# Can anyone help me



## Zgarrison (Nov 21, 2020)

I have these old wood doors that are damaged does anyone know how I can fix them and retain the original look


----------



## John Smith_inFL (Jul 4, 2018)

welcome to the forum, Z.
can you provide some history of the doors ?
back to original condition may not be possible without cutting out bad wood
and replacing it with good wood that may not match.
what is your woodworking skill level ??
this project will require much more effort than just removing the varnish and refinishing.
what is the value of the doors ?

.


----------



## Steve Neul (Sep 2, 2011)

What I would do is cut enough off the bottom of the door up to the opposite stile to square the door and glue a piece of wood on to fill what was removed. Then do the same with the stile. Then run the door edgewise through a table saw taking off 1/16" off the face up to the opposite stile and remove the entire face of the stile. Then chisel out by hand what you couldn't get with the saw at the opposite stile so the entire face of the rail is removed. Then make a piece of 1/16" thick piece of pine by resawing it and glue on the face of the rail and stile.

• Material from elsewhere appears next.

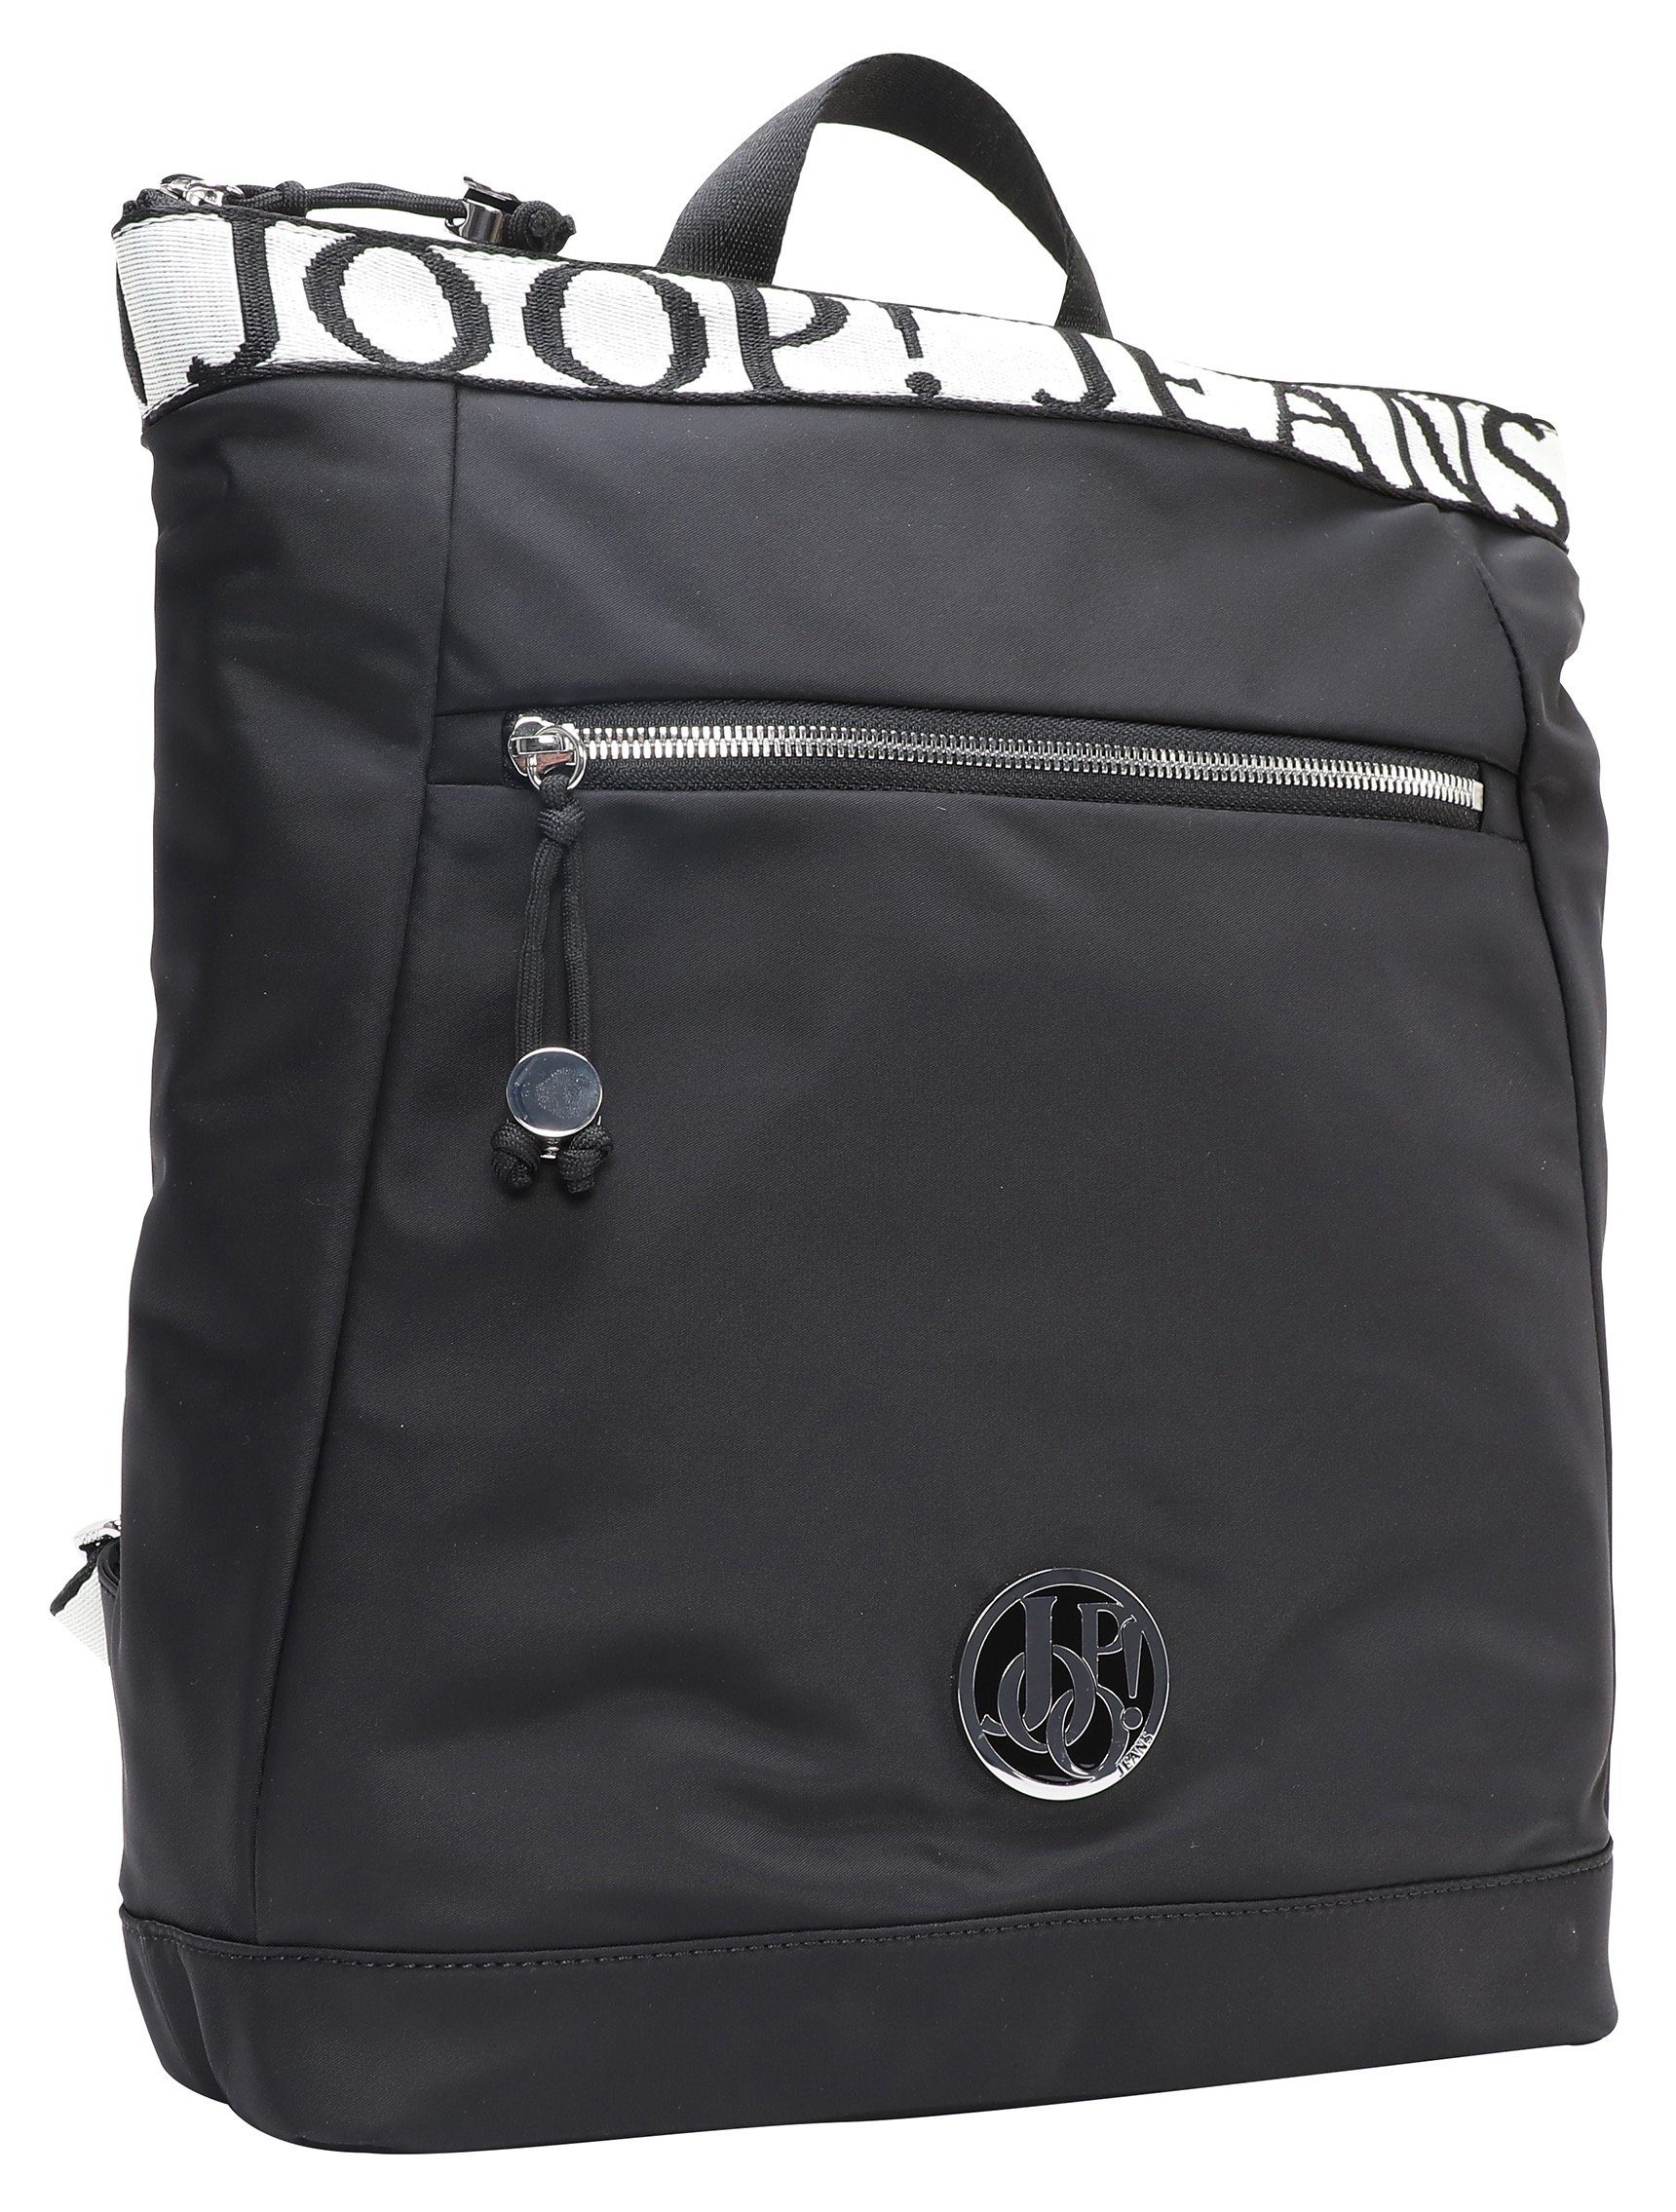 Joop Jeans Cityrucksack lietissimo elva backpack lvz, mit Logo Schriftzug auf den Trageriemen black

Then strip the finish off the door letting the old finish run over the new wood. Then tinker with the new finish on scrap wood. You would probably need a light stain, maybe a fruitwood color and then finish it with amber shellac. It will take a lot of trial and error to come up with the right stain and finish. Every coat of amber shellac you put on will make it more orange. You would just have to find the right stain and the right amount of amber shellac. It's a difficult thing for all of us to do, even experienced professionals. If I was bidding the job I would bid three hours work just matching the color and I've been doing that kind of work for decades.


----------



## johnep (Apr 12, 2007)

Have you still got the dog?
johnep


----------



## Tool Agnostic (Aug 13, 2017)

It might help us to know a little about your background, woodworking experience, and available tools.


----------



## woodnthings (Jan 24, 2009)

If you brought them to me, I would saw off the damaged wood on the vertical stile and some off the bottom rail. I would glue on matching grain Pine and stain them matching the existing wood OR strip the entire door, restain and top coat. This is not a job for a novice, to do it correctly.
To make them "whole" again the easist solution is to fill and sand the areas, then paint them since the filler will show through just about any stain you try to use.


----------



## Bob61 (Nov 7, 2020)

We had the same problem caused by our Australian Shepherd, replaced it with a new door. I have only hand tools and couldn't think of a way to fix the old one that would look good short of filling in the damage, sanding, sealing and painting the door.


----------